China's "Long March to the Moon" has placed a lander and a rover on the moon. The Chang'e-3 lander and her accompanying Yutu or "Jade Rabbit" rover arrived inside the right eye of the "Man in the Moon" this evening at 9:00PM Beijing time. This marks the first time in more than 40 years anyone has performed a soft lunar landing. All sources point to a successful deployment for the robot visitors.
The Chang'e-3 lander launched from the surface of Earth about two weeks ago. Its payload included an array of instruments for gathering data about the moon and the surrounding spacescape, including an ultraviolet telescope for stargazing. Upon lunar approach, the lander tilted, threw on the reverse thrusters, and set itself down without incident. The hatch opened and out rolled Jade Rabbit.
The rover is a six-wheeled, solar-powered, 260-pound vehicle equipped with a variety of sensors. It will explore a three-mile radius around the lander. It will use radar, an alpha particle X-ray spectrometer and an infrared spectrometer to peek 30 feet deep inside the moon's crust to look for mine-able minerals. Jade Rabbit will take vacation pictures and video for the duration. The lander and the rover (artist rendering above) are expected to snap buddy pics of each other tomorrow, Sunday.

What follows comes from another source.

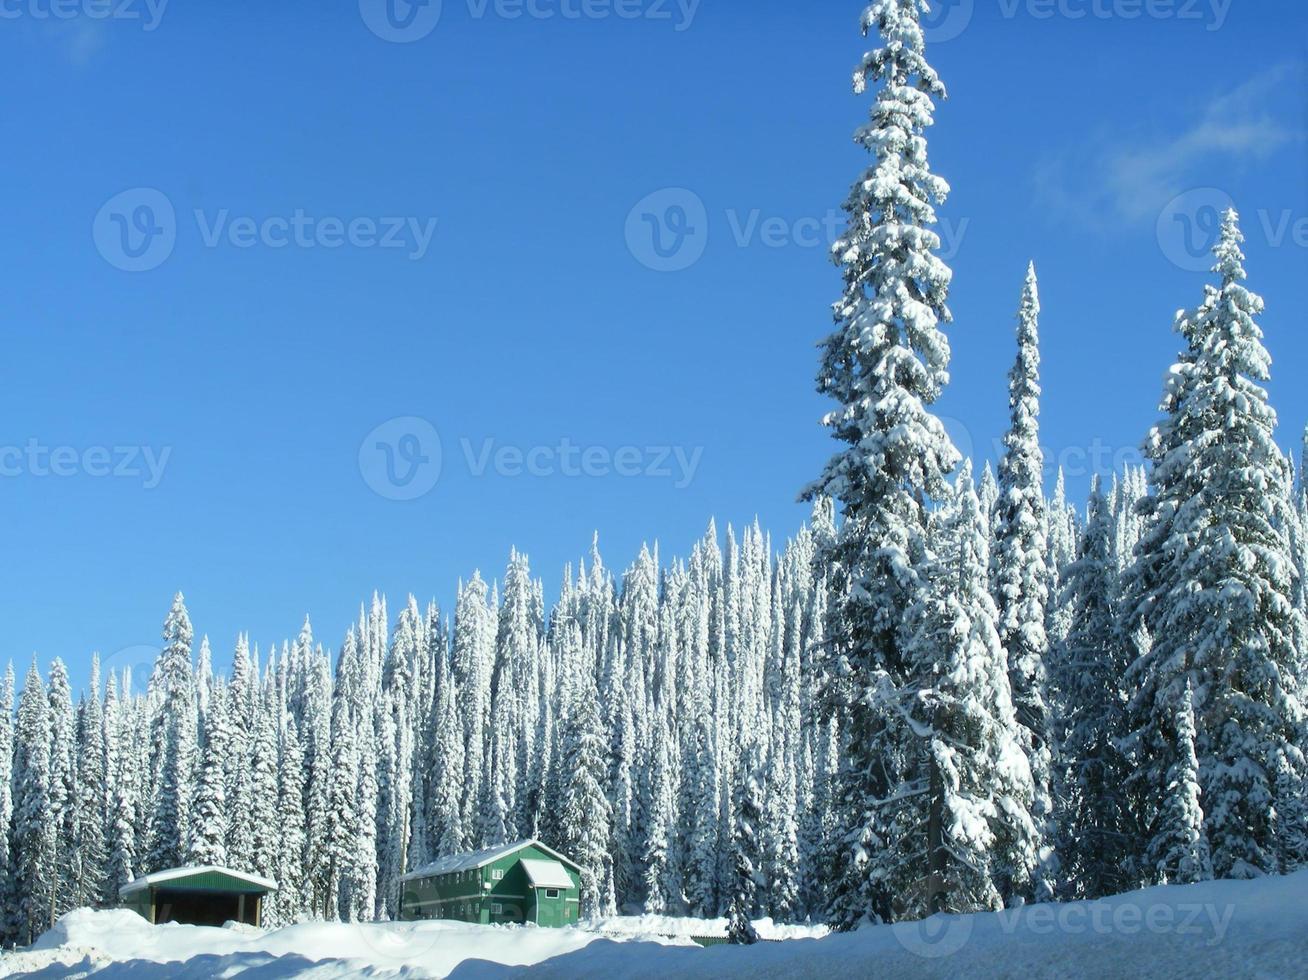 vintern i bergen foto

Chang'e is the name of a goddess who flew to the moon in Chinese mythology, and Jade Rabbit is Chang'e's moon pet. In an interesting bit of spacefaring lore, NASA points out that Buzz Aldrin mentioned the goddess over the comm to Houston during the first human moon landing in 1969: "Okay. We'll keep a close eye out for the bunny girl."
The BBC reports that the Jade Rabbit moniker was chosen in a poll of 3.4 million participants. The success of this landing is a grand feather in the nation's cap: the only two countries ever to have put a rover on the moon are the US and the former USSR.